[Excerpts from a dataset]

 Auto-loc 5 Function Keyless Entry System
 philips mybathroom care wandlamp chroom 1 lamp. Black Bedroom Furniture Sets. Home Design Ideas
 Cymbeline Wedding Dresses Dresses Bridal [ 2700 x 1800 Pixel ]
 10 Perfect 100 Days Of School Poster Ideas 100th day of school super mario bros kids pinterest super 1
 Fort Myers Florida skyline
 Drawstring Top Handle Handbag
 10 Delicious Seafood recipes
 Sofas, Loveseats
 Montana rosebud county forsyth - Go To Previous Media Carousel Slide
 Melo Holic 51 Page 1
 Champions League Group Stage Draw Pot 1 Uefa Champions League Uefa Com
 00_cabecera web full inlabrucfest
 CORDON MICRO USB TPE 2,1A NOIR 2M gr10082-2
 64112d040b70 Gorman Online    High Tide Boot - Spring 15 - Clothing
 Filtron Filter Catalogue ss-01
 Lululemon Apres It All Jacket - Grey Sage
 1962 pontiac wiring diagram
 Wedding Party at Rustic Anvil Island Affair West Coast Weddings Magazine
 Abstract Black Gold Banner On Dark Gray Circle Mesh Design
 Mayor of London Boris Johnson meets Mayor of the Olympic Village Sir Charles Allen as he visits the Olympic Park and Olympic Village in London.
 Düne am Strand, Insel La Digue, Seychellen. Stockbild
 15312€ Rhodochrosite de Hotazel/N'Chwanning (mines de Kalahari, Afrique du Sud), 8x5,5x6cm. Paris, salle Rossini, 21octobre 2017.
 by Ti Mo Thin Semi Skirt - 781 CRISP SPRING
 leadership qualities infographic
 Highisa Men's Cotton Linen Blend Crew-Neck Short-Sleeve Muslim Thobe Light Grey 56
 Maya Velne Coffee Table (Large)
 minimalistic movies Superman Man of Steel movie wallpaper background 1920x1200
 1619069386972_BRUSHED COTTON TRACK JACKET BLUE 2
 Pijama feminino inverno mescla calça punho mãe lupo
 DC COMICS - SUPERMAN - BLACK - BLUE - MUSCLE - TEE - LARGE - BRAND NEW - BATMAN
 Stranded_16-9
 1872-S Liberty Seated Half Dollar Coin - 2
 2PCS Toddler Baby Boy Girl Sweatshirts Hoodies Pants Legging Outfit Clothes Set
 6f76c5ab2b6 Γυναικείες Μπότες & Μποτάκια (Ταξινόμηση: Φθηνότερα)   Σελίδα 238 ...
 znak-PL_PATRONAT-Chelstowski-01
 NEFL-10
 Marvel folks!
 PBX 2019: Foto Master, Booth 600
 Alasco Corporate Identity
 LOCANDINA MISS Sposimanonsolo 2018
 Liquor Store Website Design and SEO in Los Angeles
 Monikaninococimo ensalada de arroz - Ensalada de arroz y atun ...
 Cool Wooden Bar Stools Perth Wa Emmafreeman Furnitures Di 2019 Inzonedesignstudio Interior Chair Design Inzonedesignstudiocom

*What is required*.
Look above for the line holding "LOCANDINA MISS Sposimanonsolo 2018". Print it and every line after it, exactly, through the line holding "Monikaninococimo ensalada de".

*Result for this task*.
 LOCANDINA MISS Sposimanonsolo 2018
 Liquor Store Website Design and SEO in Los Angeles
 Monikaninococimo ensalada de arroz - Ensalada de arroz y atun ...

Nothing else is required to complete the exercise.